__What to produce__:
Transcribe exactly the lines from the one containing "Bent Hansen Asger" through the end of the data, both included. Leave out pictures.

__Source material__:
· · ·

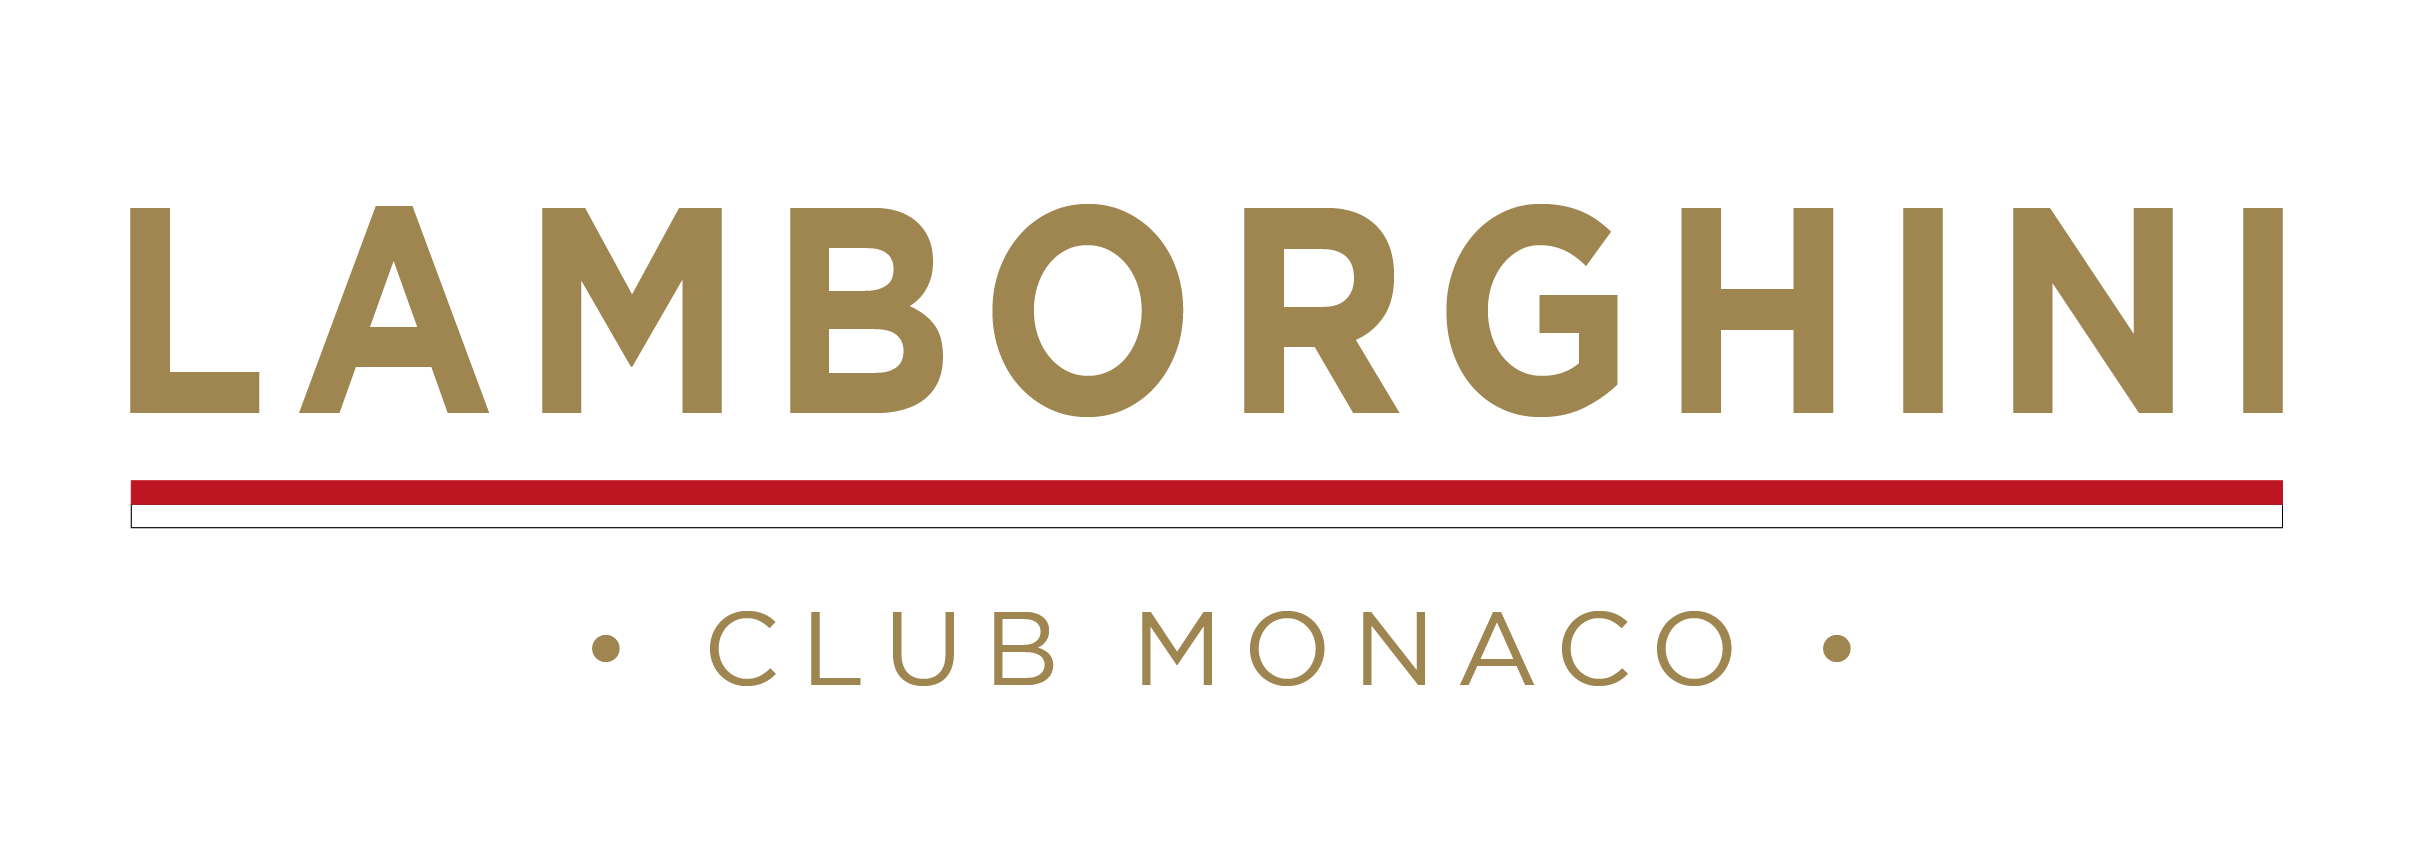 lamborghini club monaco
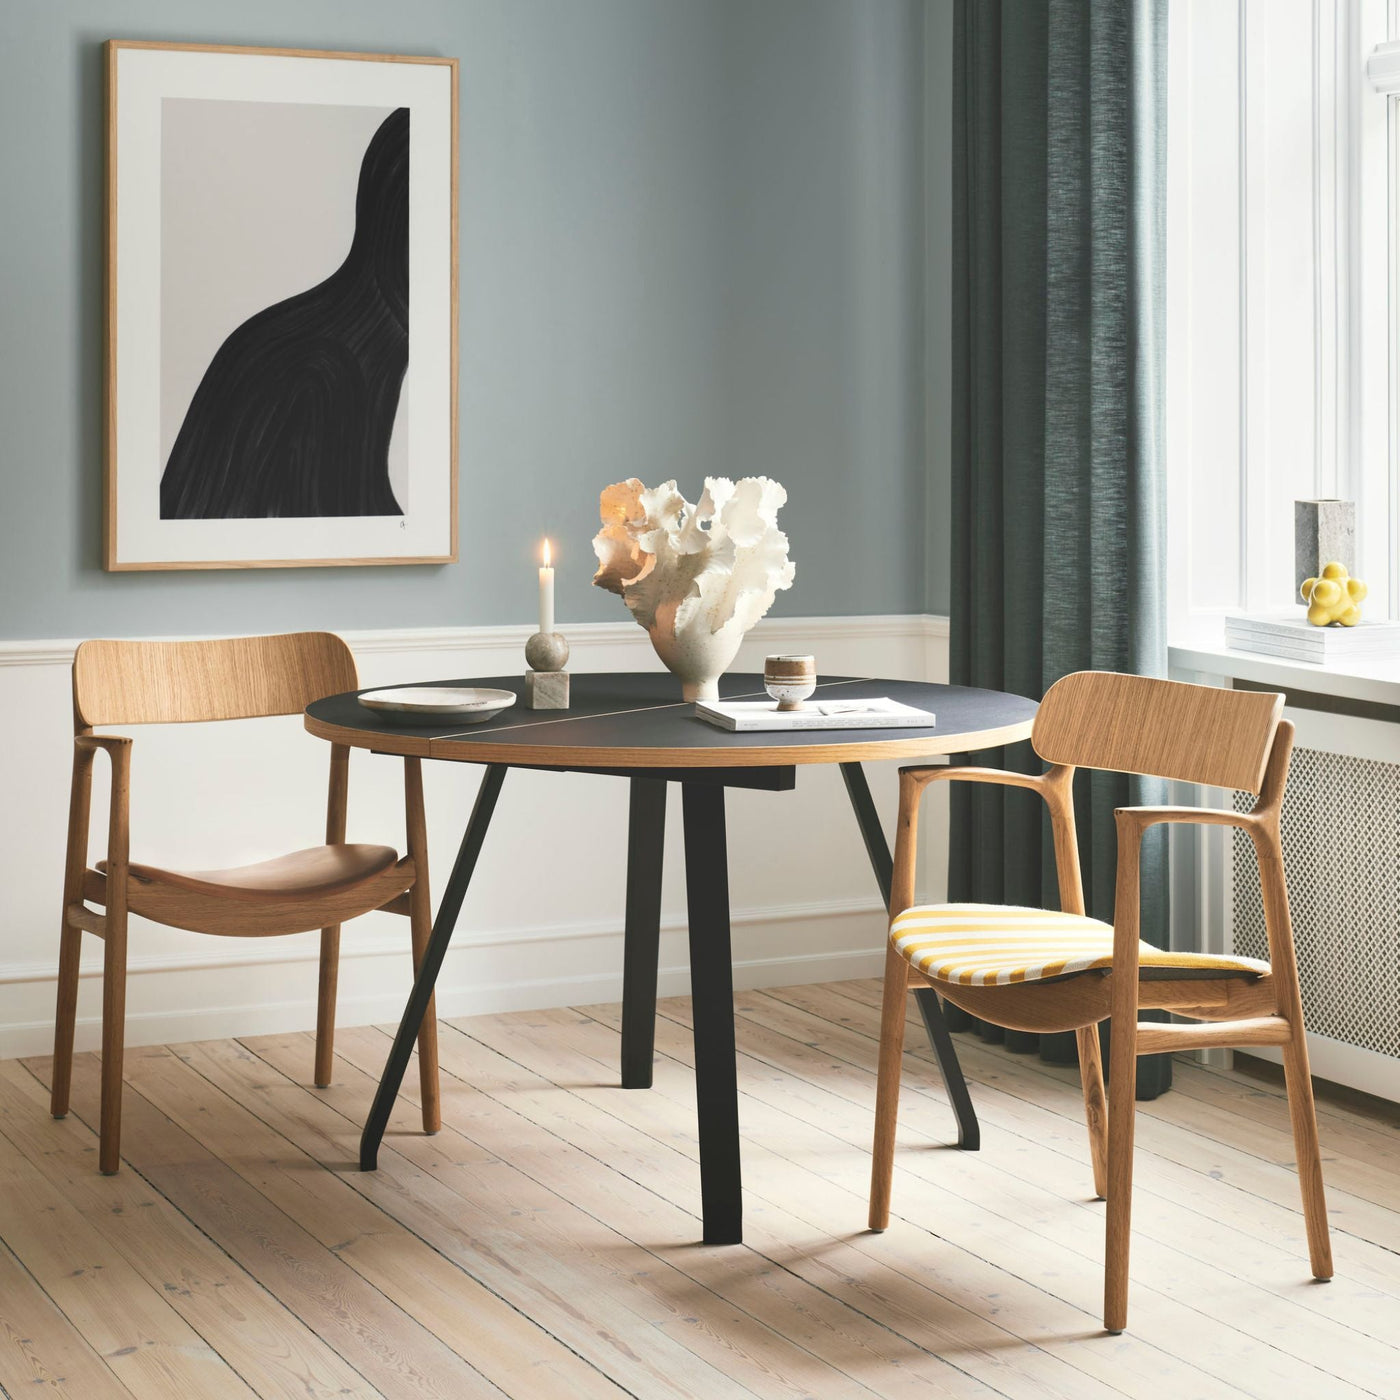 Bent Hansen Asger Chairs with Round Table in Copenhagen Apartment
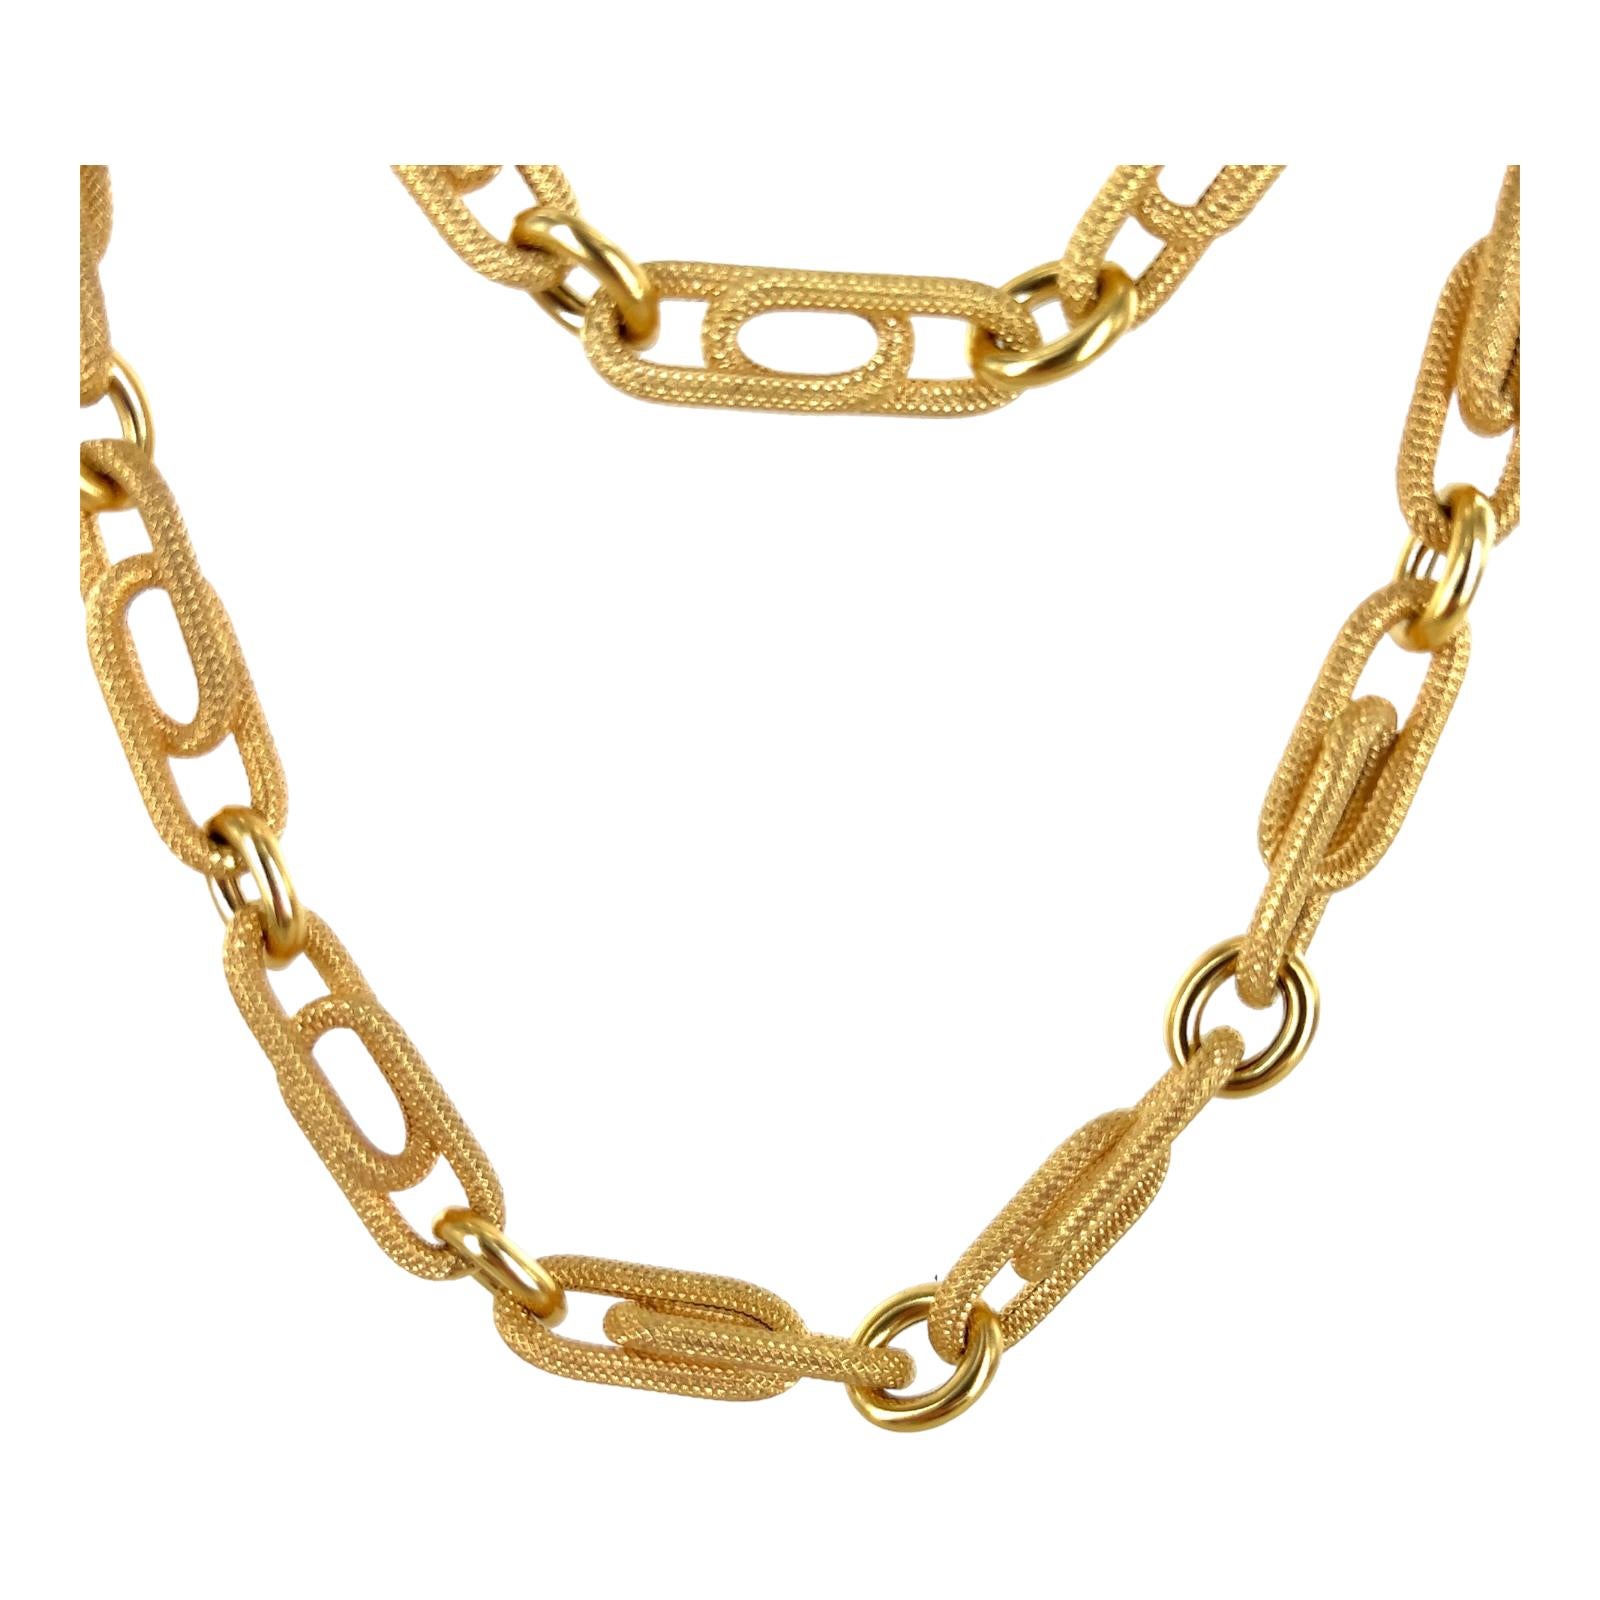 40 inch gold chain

· · ·

__Exercise output__:
 Bent Hansen Asger Chairs with Round Table in Copenhagen Apartment
 40 inch gold chain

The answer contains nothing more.